To do: Copy the data exactly. Images are the one exception.

Collected data:
>>>

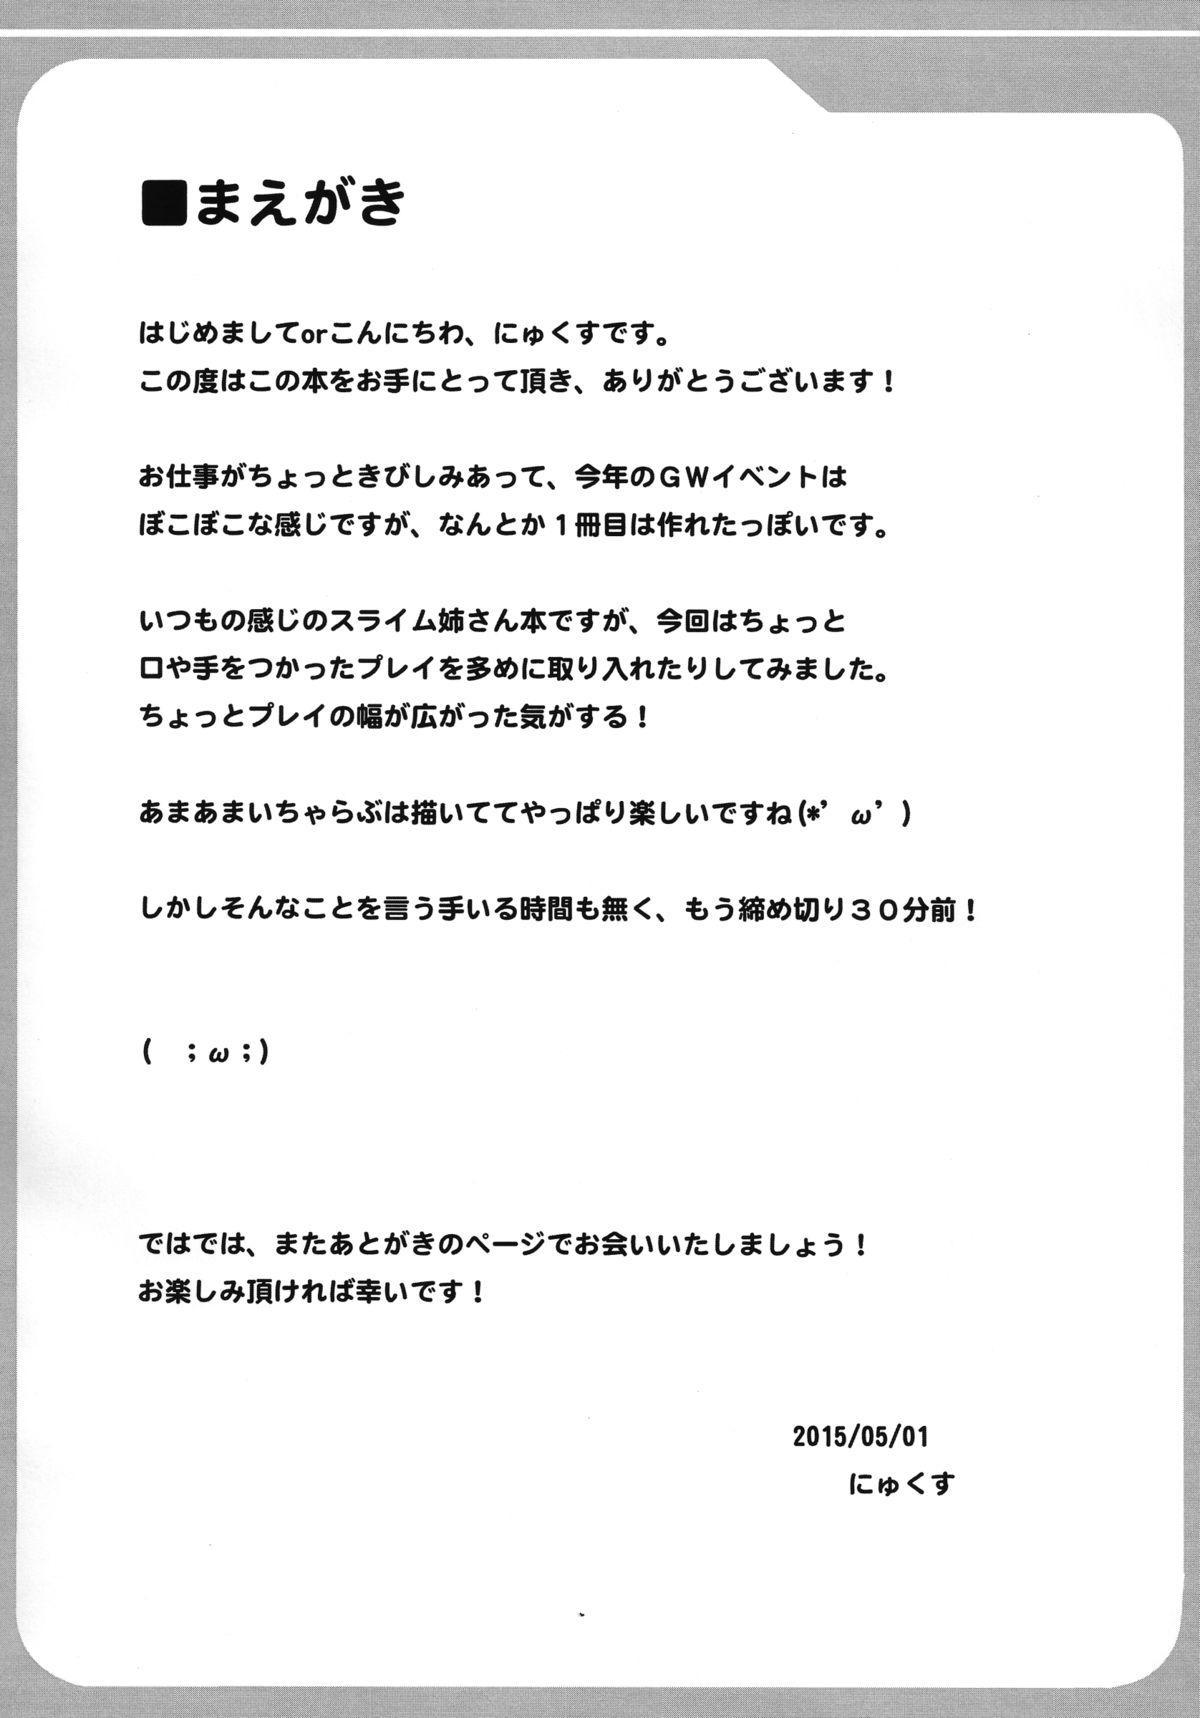 Futanari Kuro Tights no Slime Nee-san ni Shaburarete Fumarete Horarete Kimochi Yoku Nacchau Shotakko no Hon 3
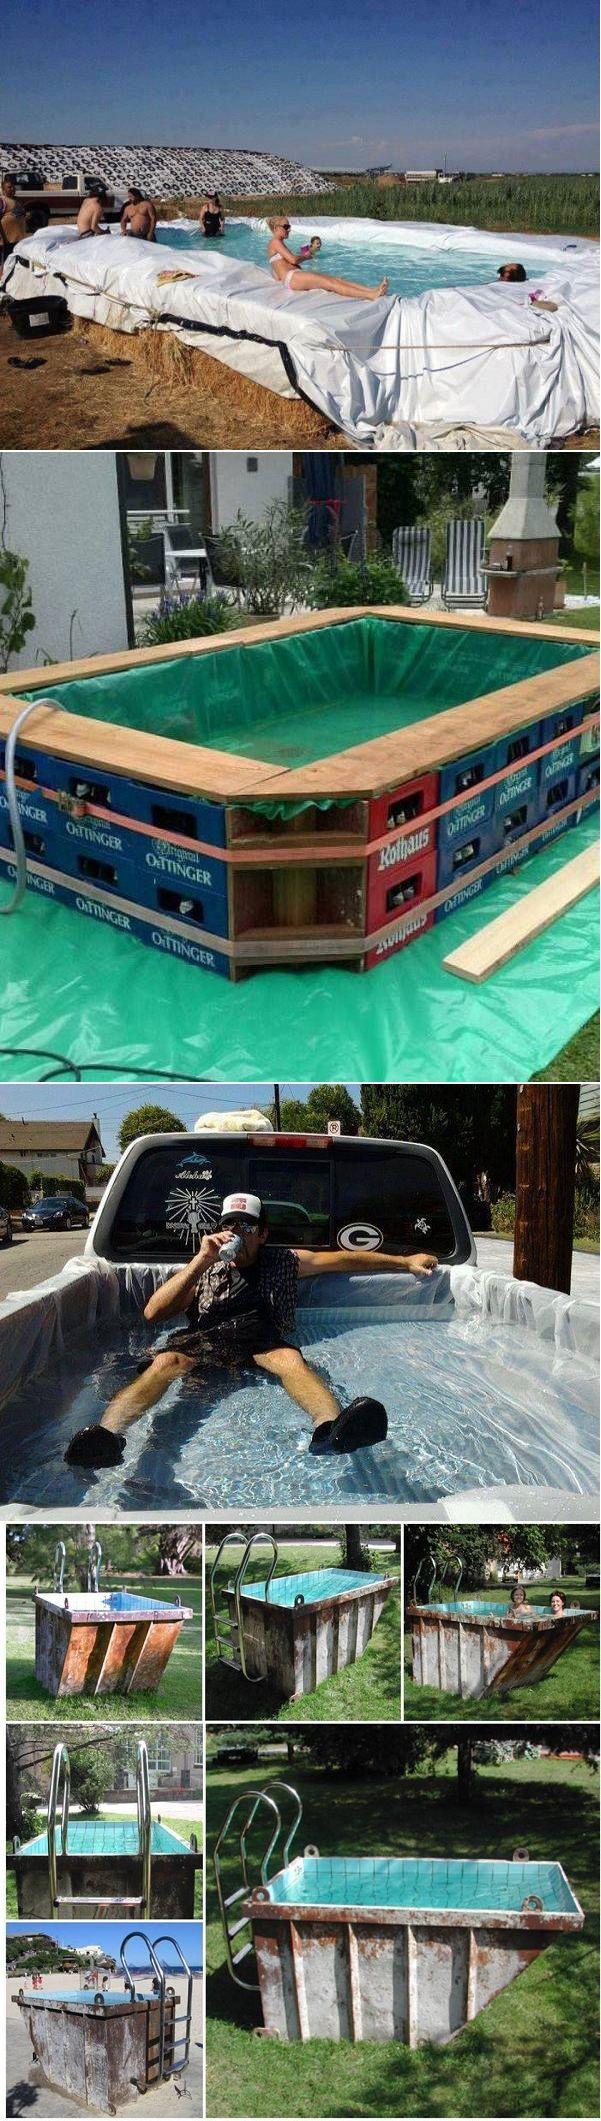 DIY Swimming Pool: Cool and Fun
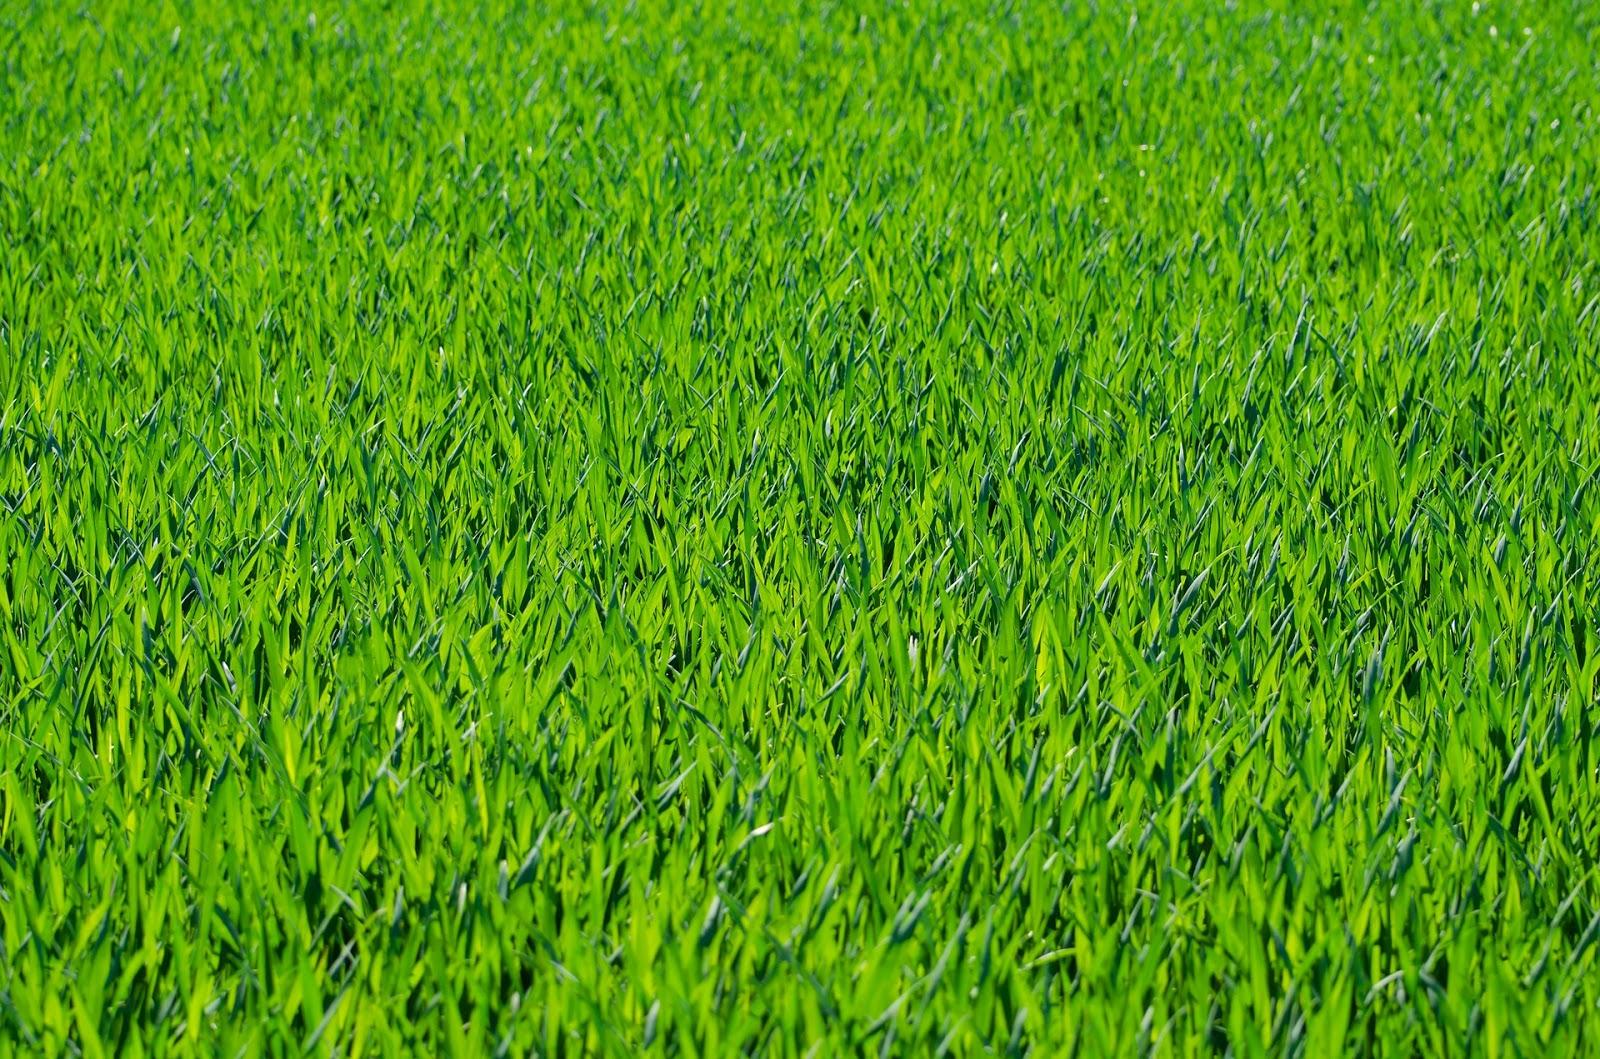 صورطبيعيه خضراء جميلة

<<<

Output for this exercise:
 Futanari Kuro Tights no Slime Nee-san ni Shaburarete Fumarete Horarete Kimochi Yoku Nacchau Shotakko no Hon 3
 DIY Swimming Pool: Cool and Fun
 صورطبيعيه خضراء جميلة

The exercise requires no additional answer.